### Information supplied

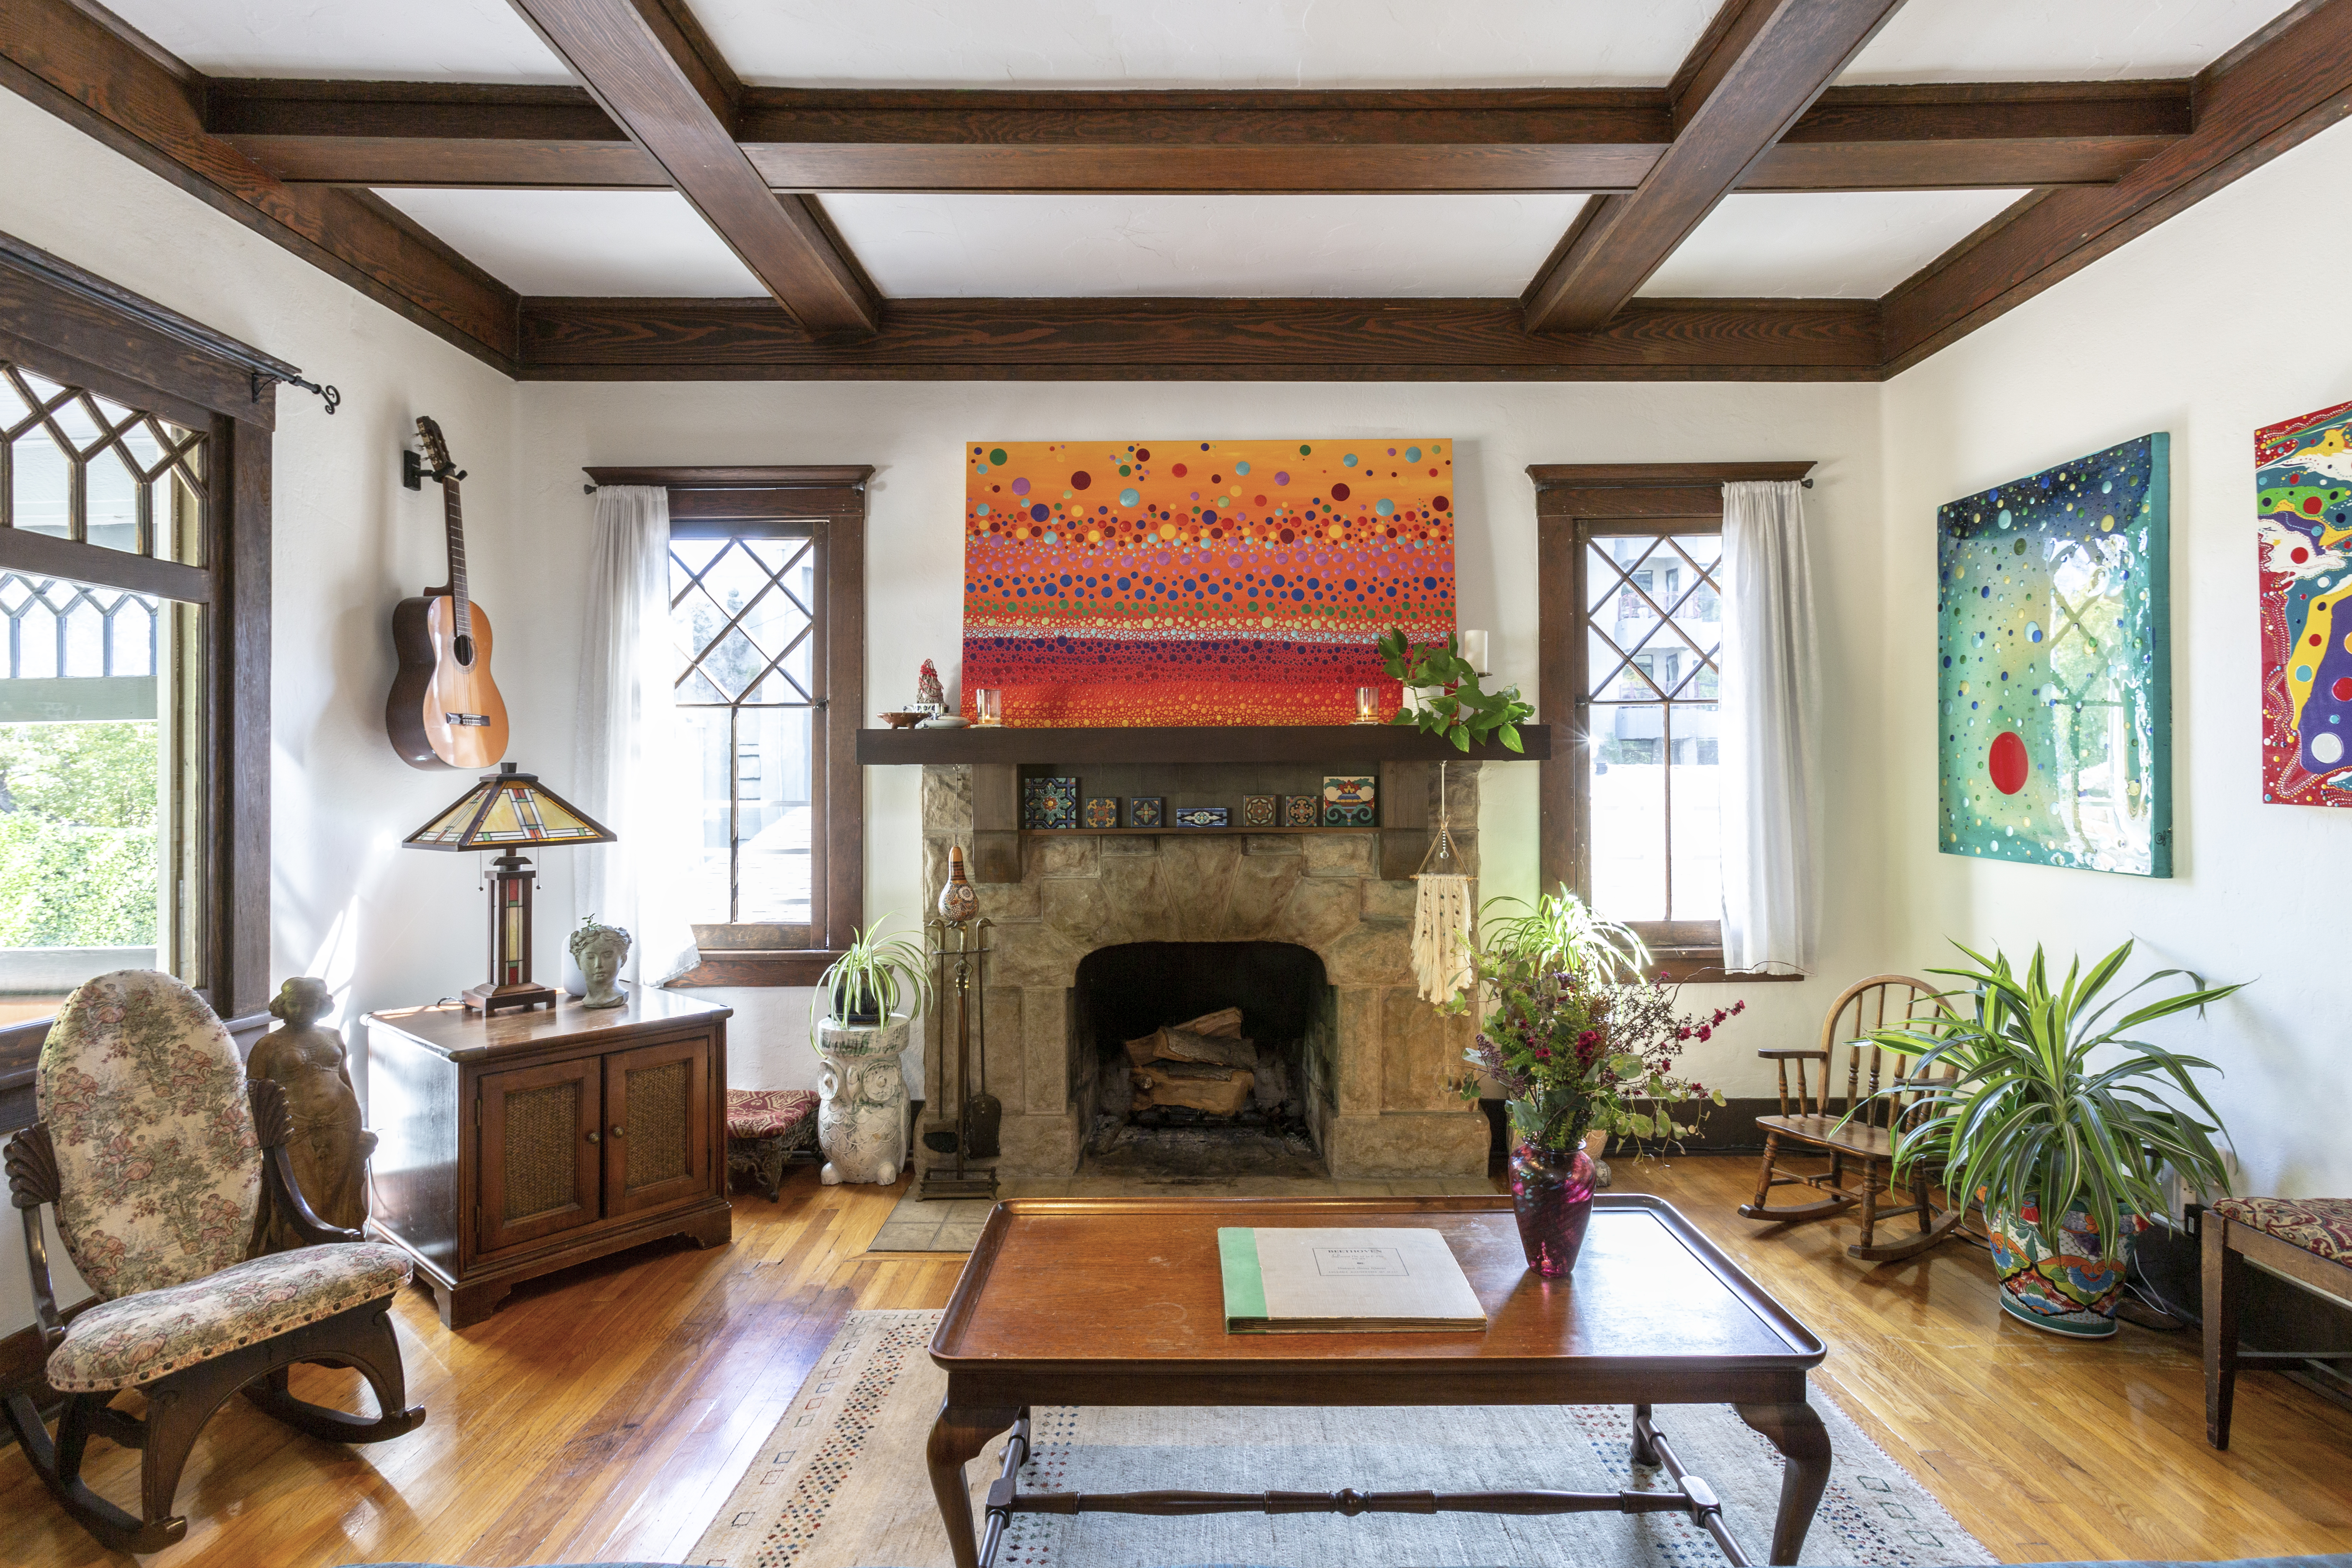 Room features stone fireplace, wooden floors, and art on walls.
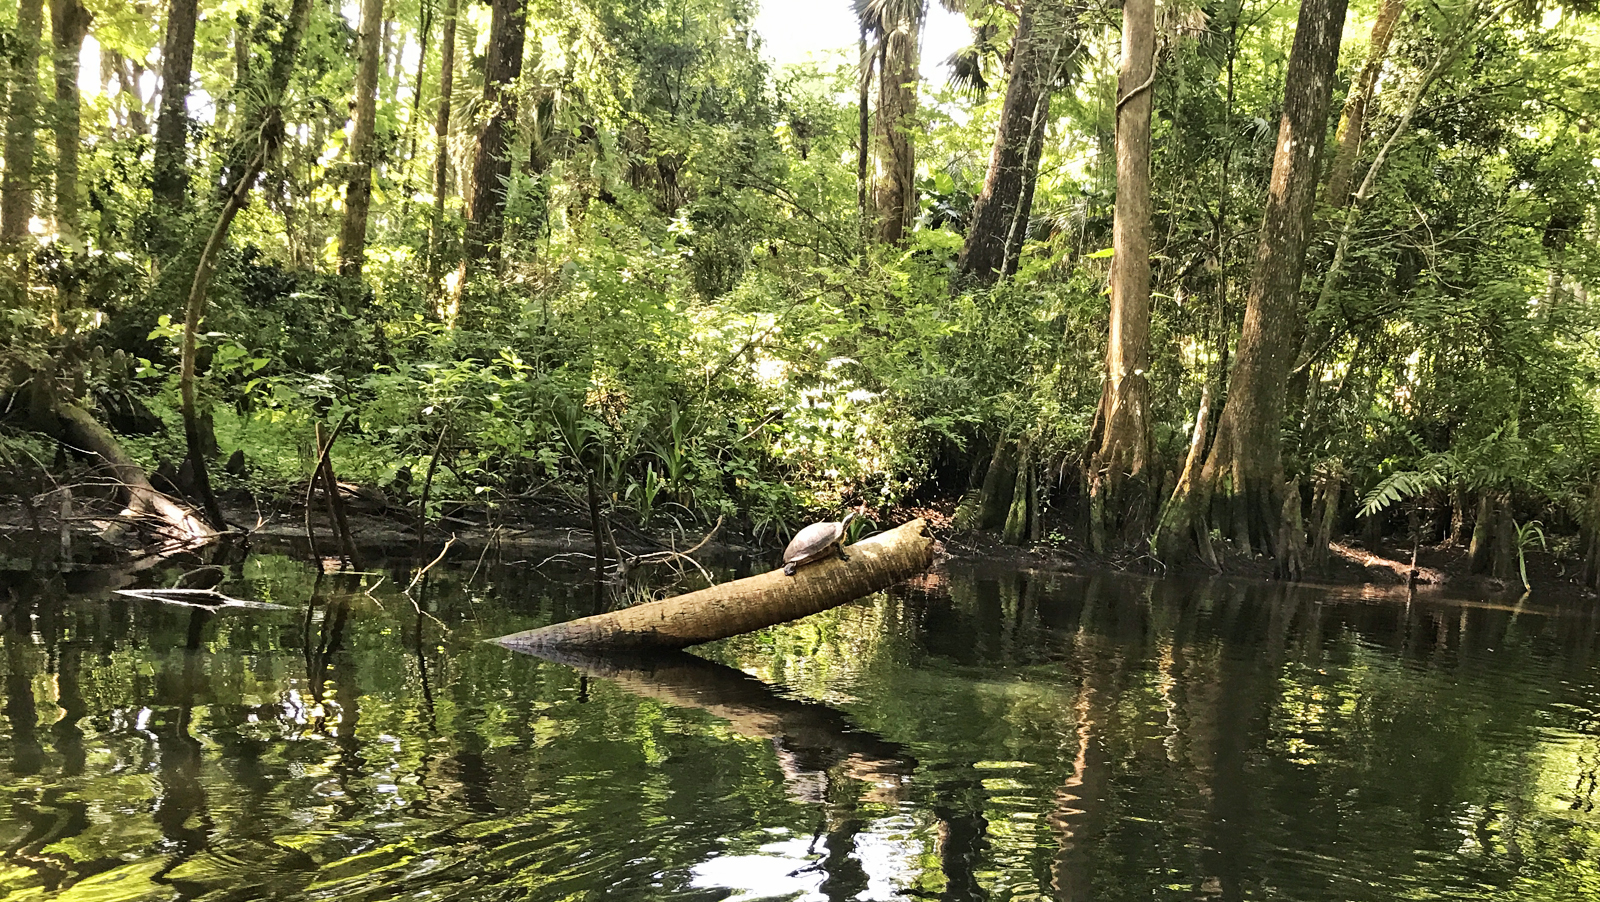 Loxahatchee River kayaking and turtle: Its name means "river of turtles." (Photo: Bonnie Gross)
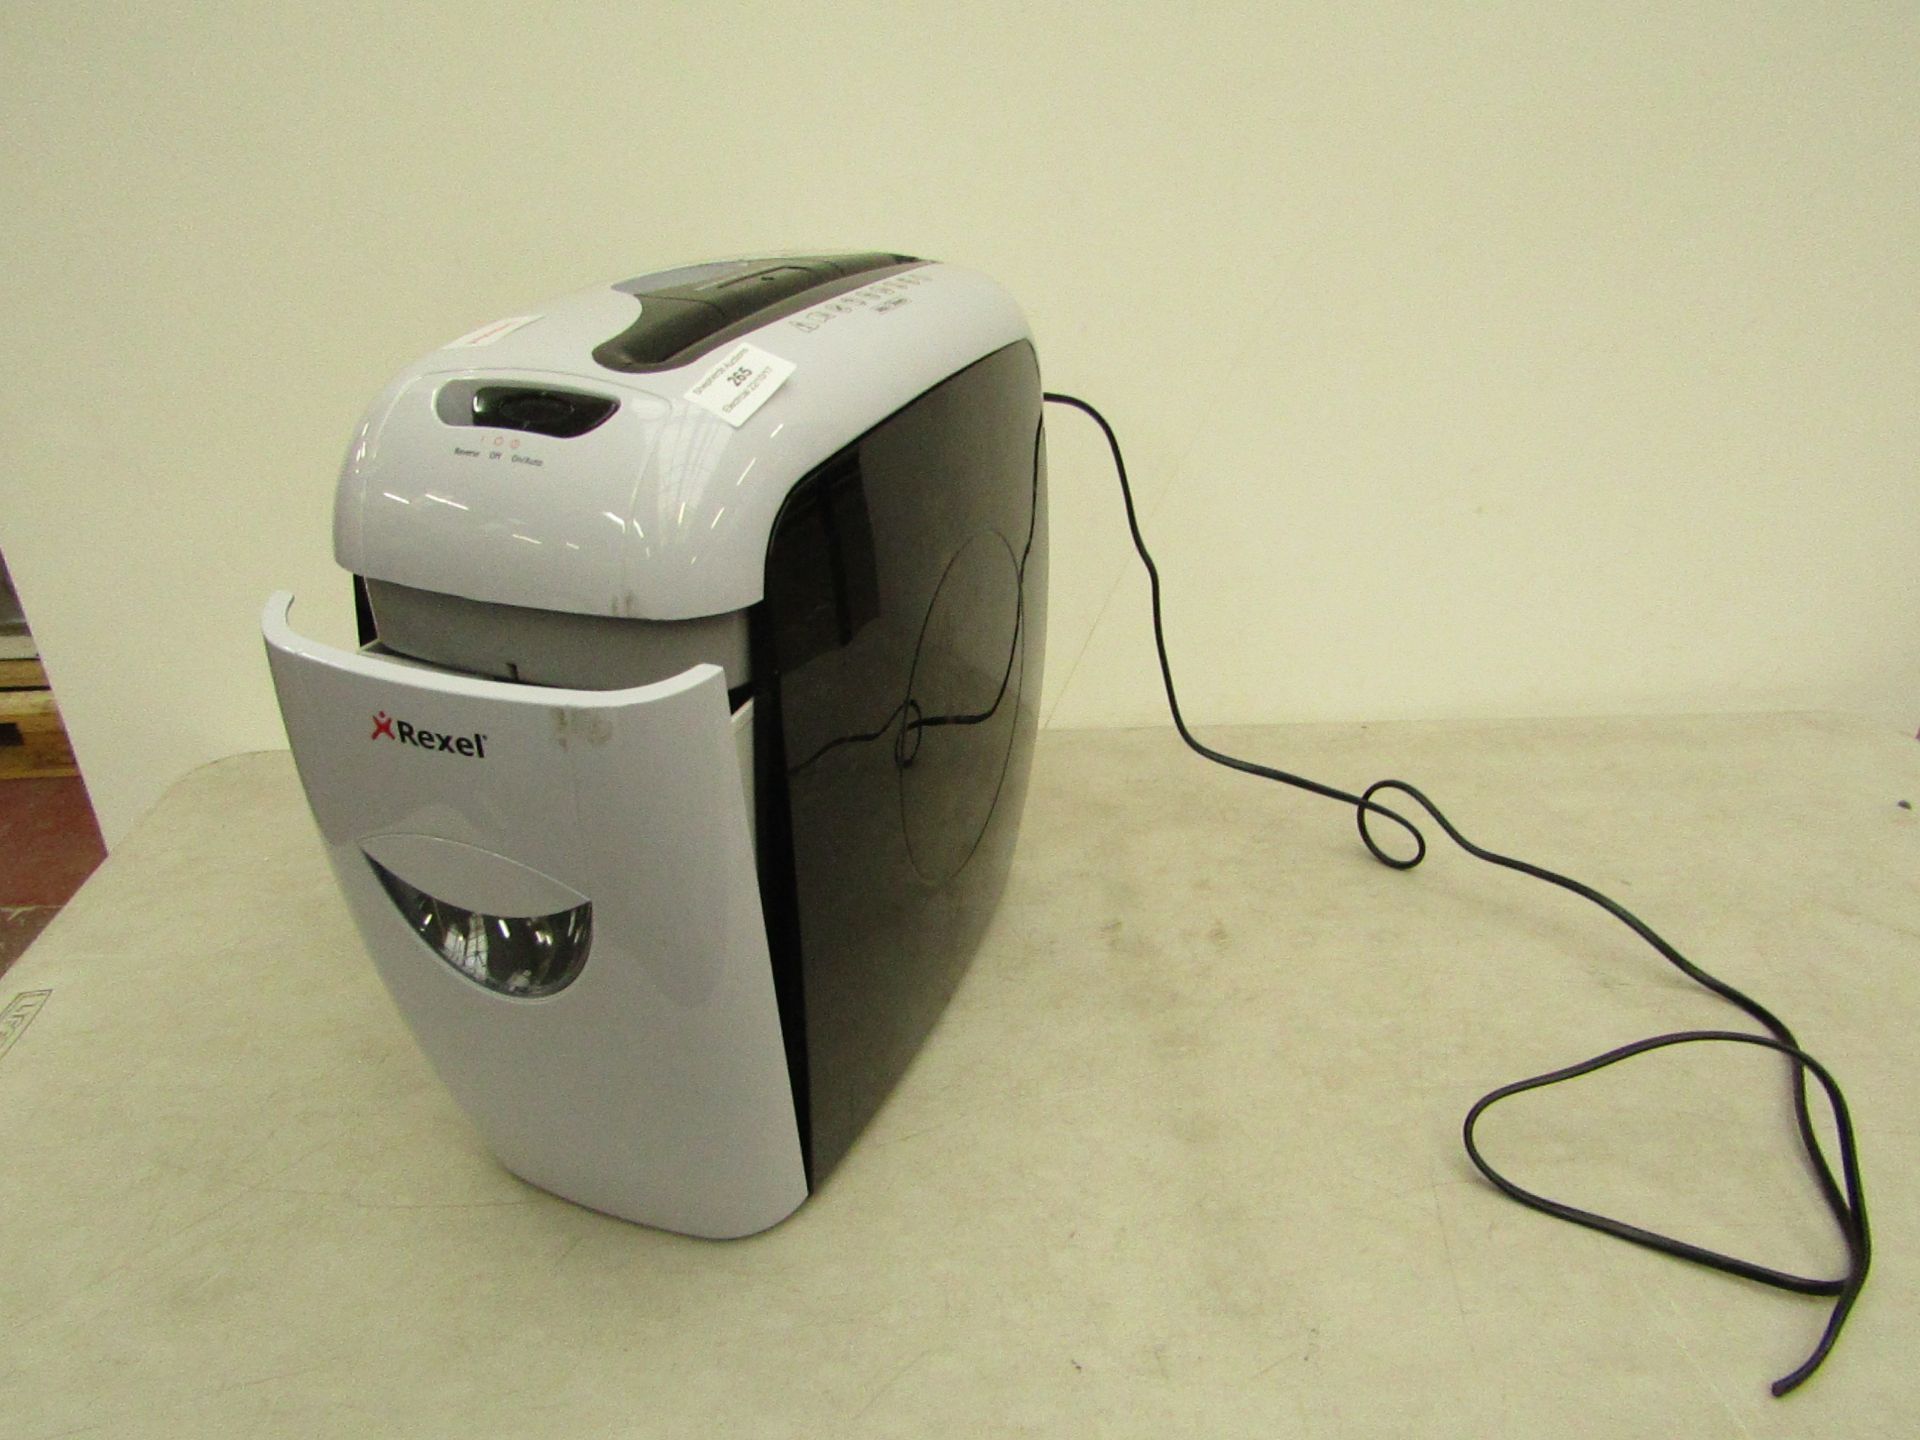 Rexel paper shredder, untested due to no plug.

######

[Work task]:
Copy each line of the listing exactly, skipping any picture.

[Reply]:
 Room features stone fireplace, wooden floors, and art on walls.
 Loxahatchee River kayaking and turtle: Its name means "river of turtles." (Photo: Bonnie Gross)
 Rexel paper shredder, untested due to no plug.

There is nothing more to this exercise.